- **Work to be completed**
Please transcribe the records precisely; pictures stay out of your copy.

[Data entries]
#####
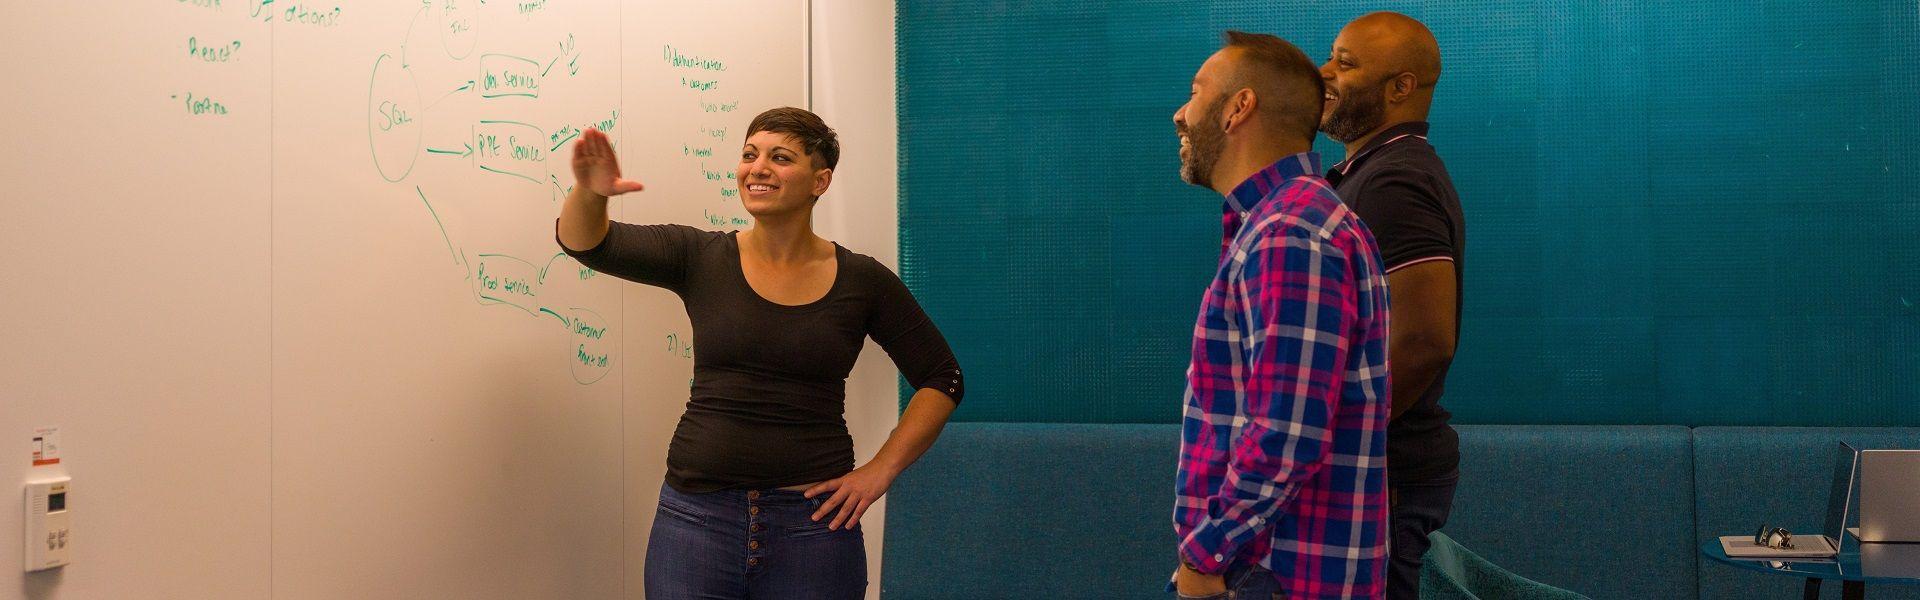 Photo of Microsoft employees at whiteboard
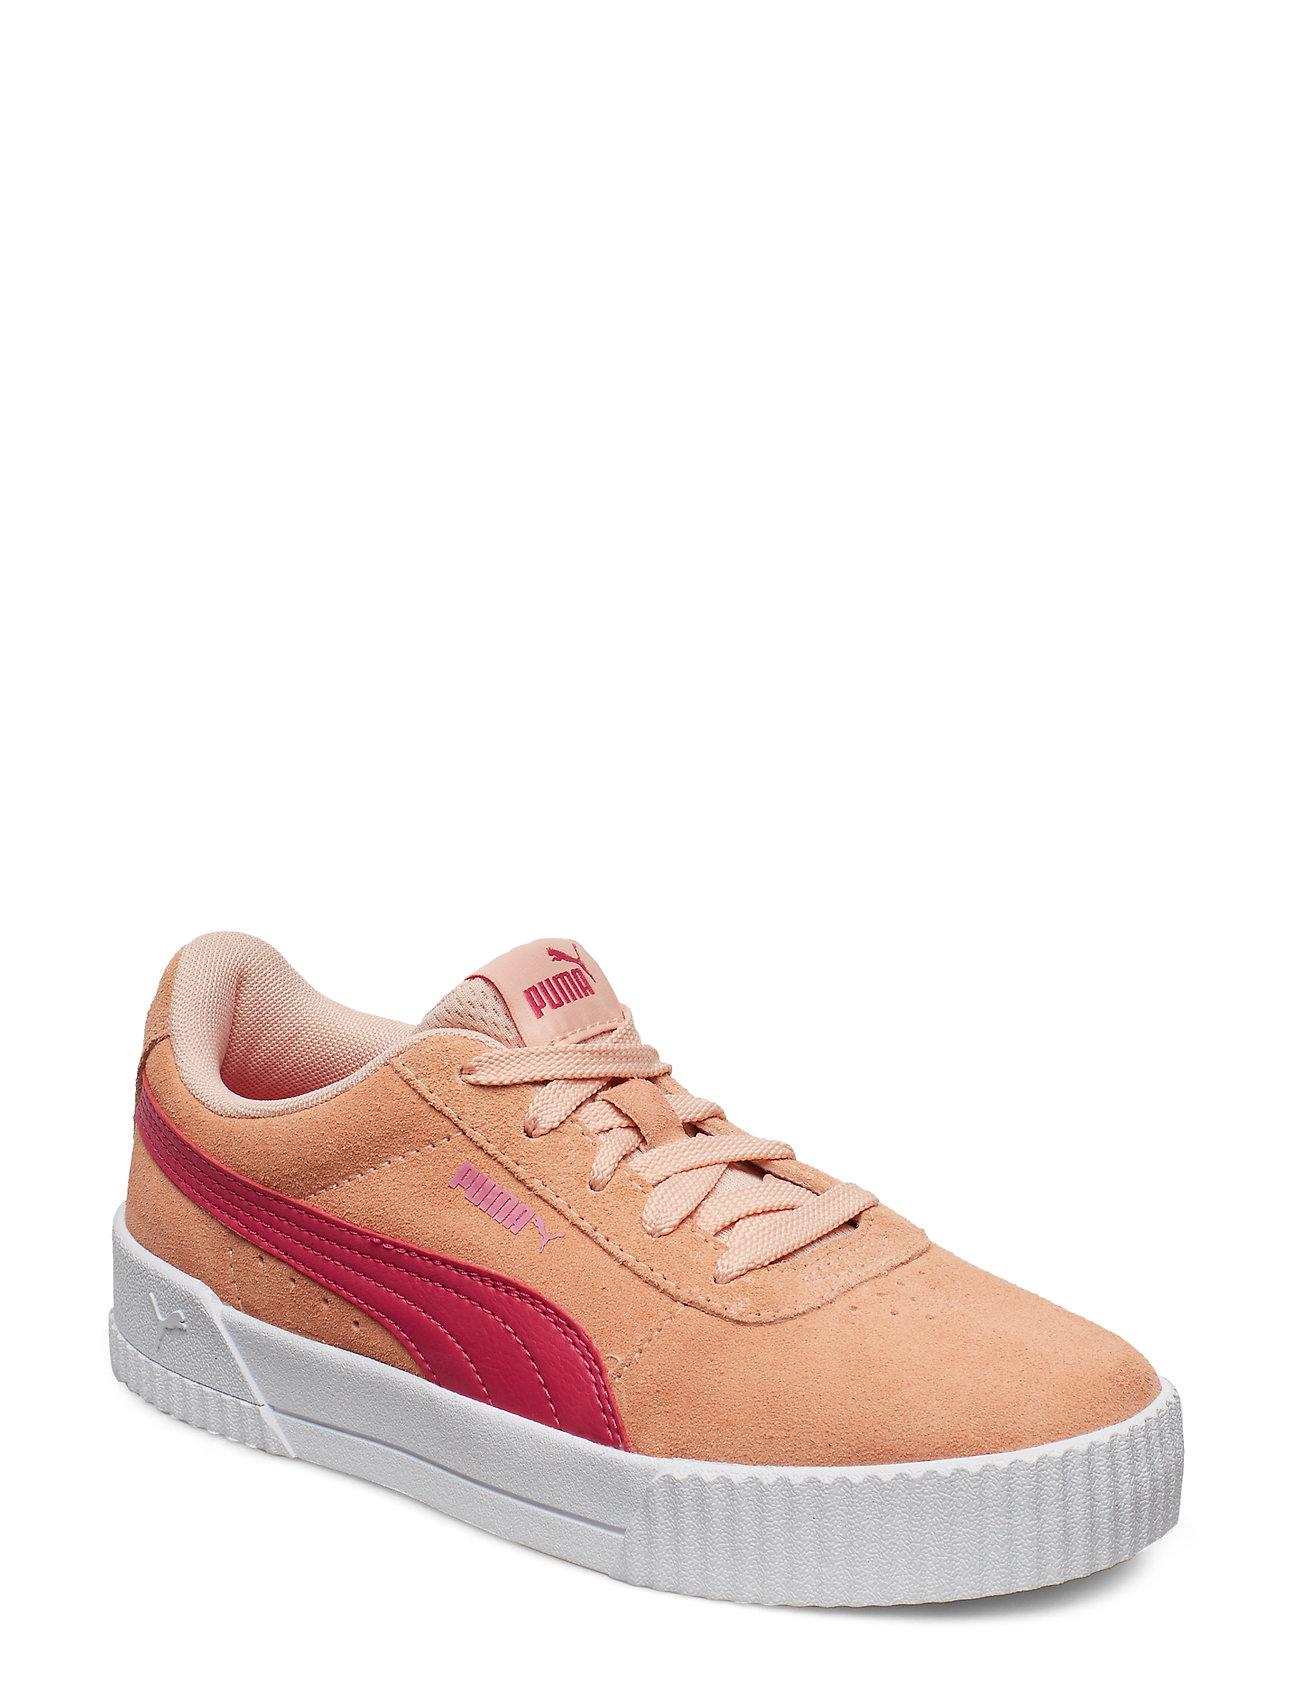 Carina Ps Sneakers Sko Orange PUMA
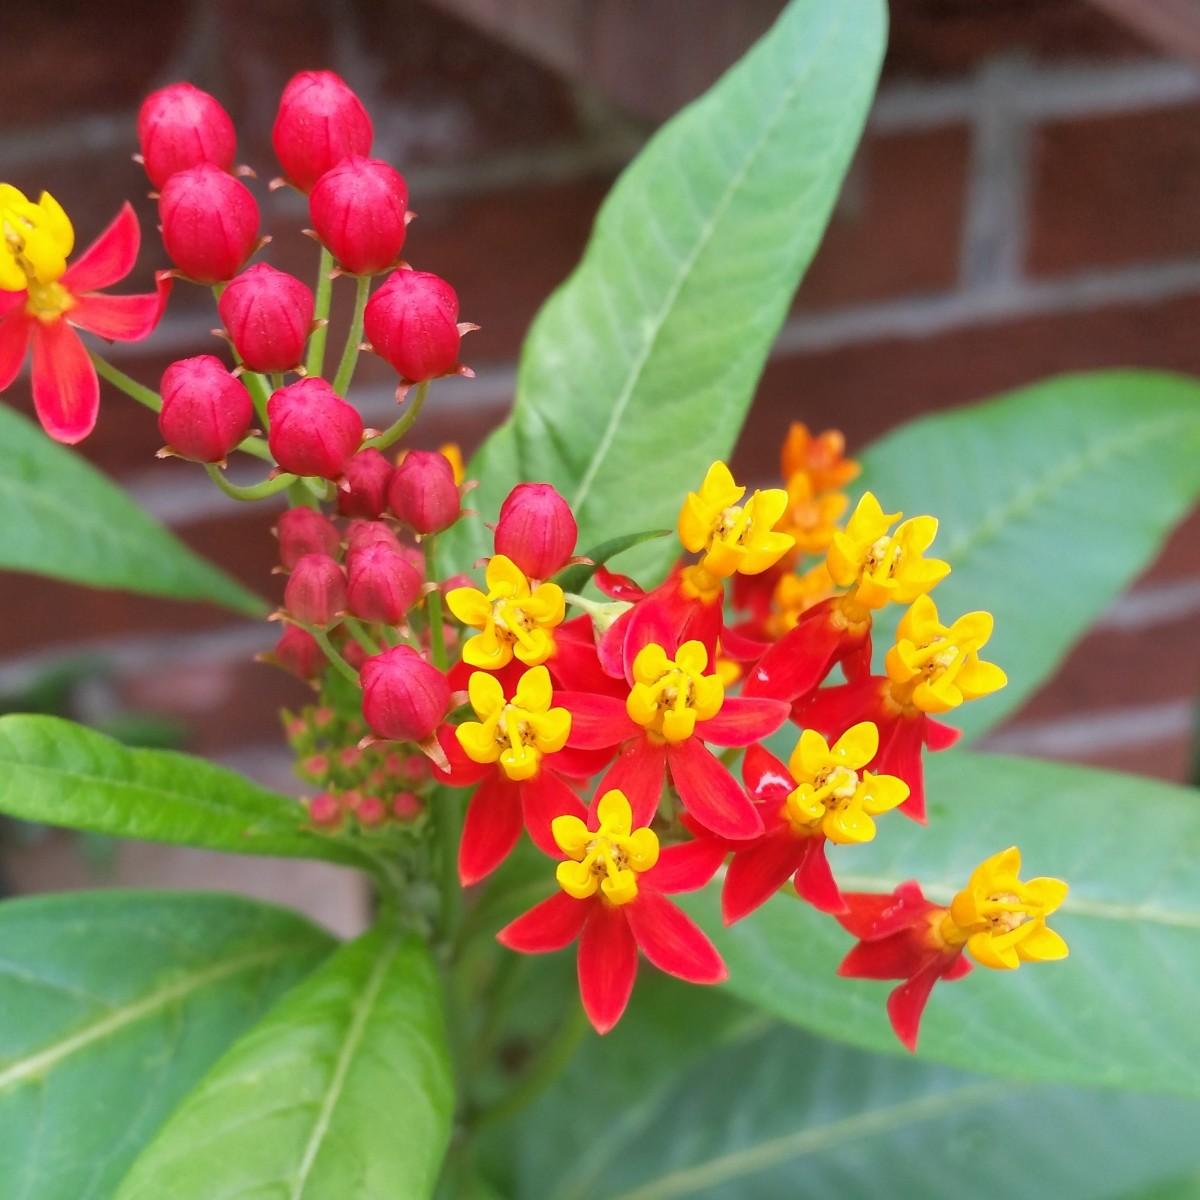 Free Images Leaf Flower Orange Produce Evergreen
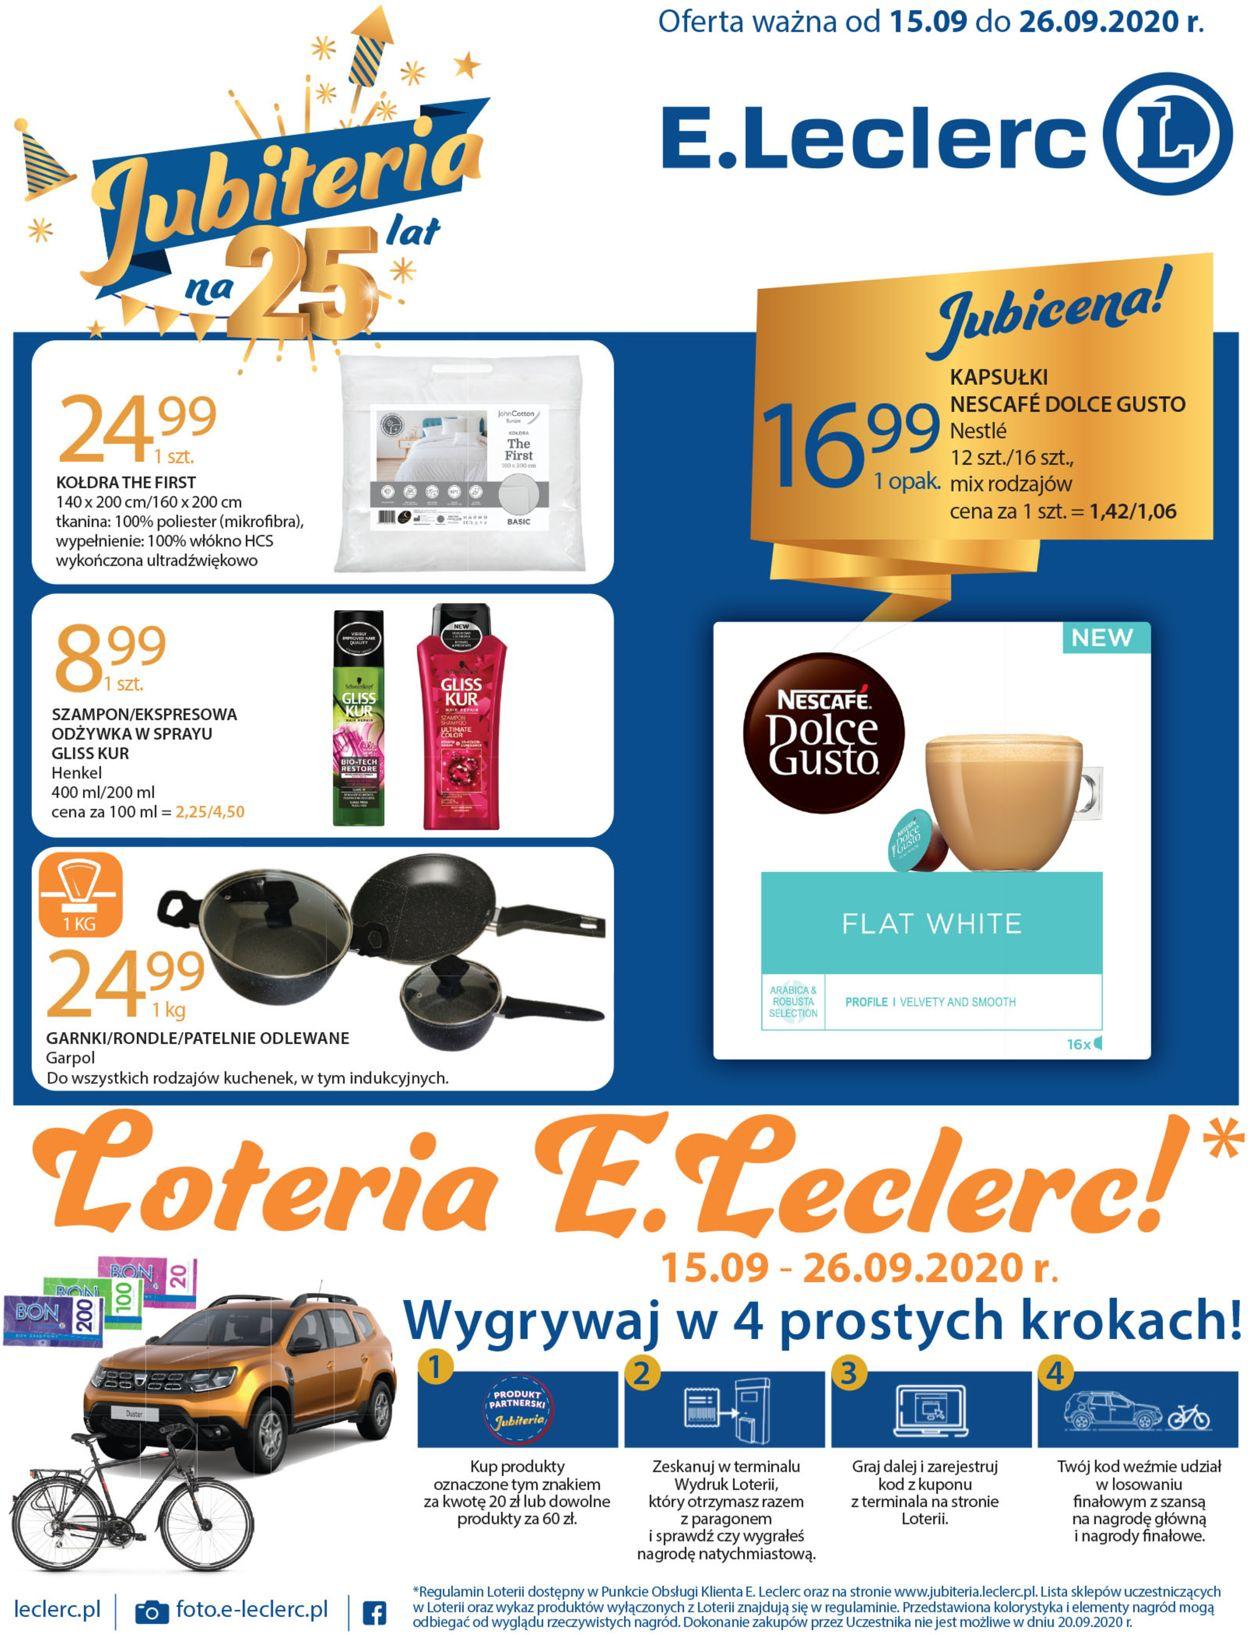 Gazetka promocyjna E.Leclerc - 15.09-26.09.2020
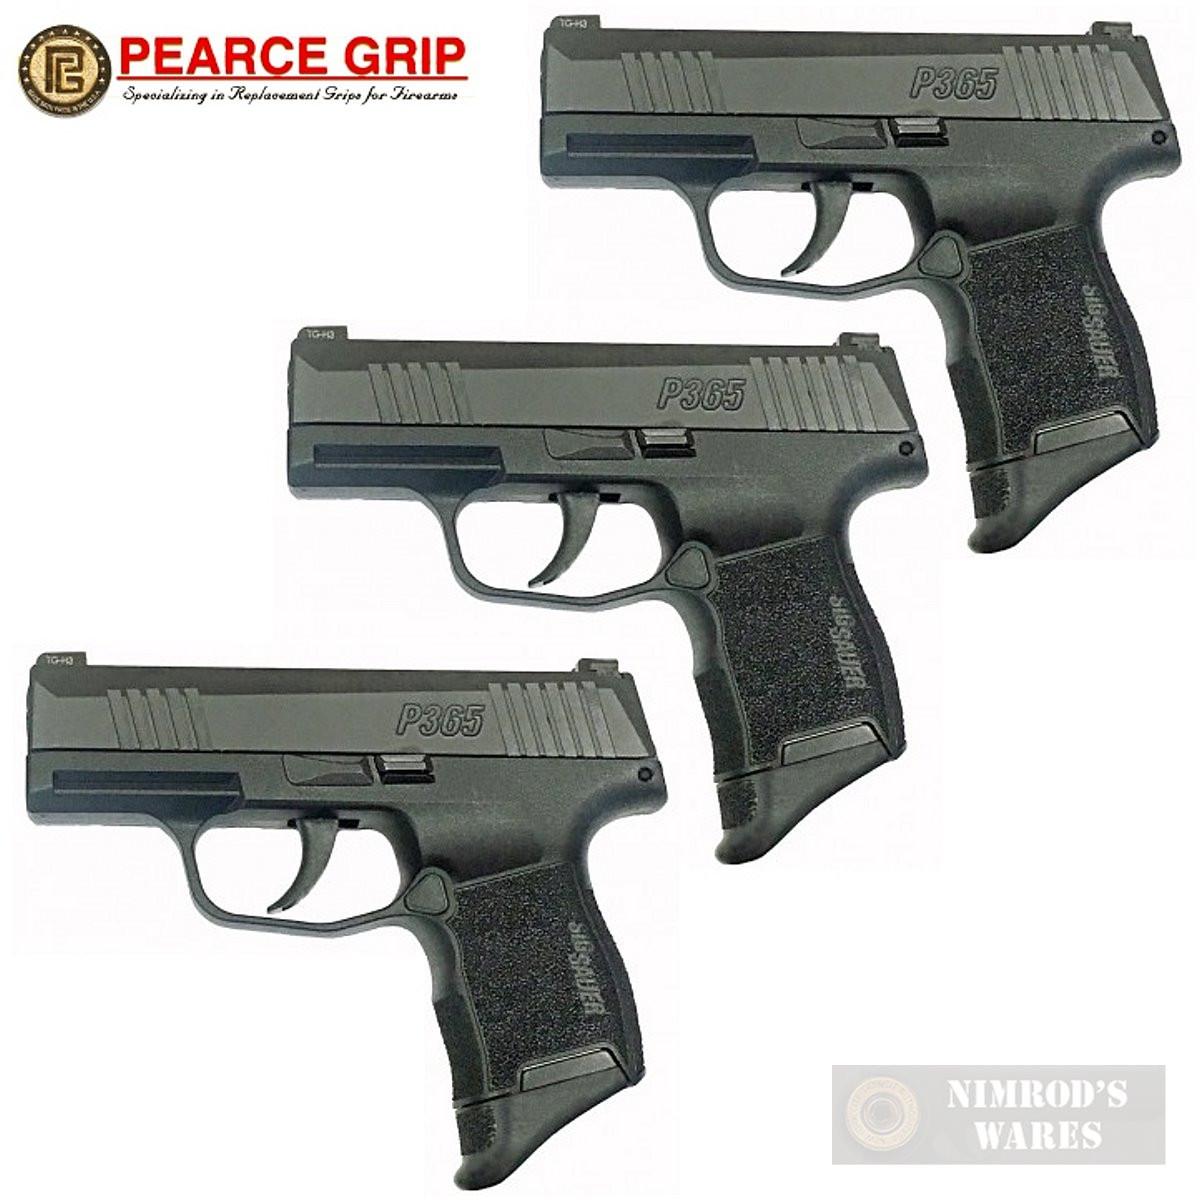 Pearce Grip SIG SAUER P365 GRIP EXTENSION 3-PACK 5/8
#####
- **Answer to this problem**
 Photo of Microsoft employees at whiteboard
 Carina Ps Sneakers Sko Orange PUMA
 Free Images Leaf Flower Orange Produce Evergreen
 Gazetka promocyjna E.Leclerc - 15.09-26.09.2020
 Pearce Grip SIG SAUER P365 GRIP EXTENSION 3-PACK 5/8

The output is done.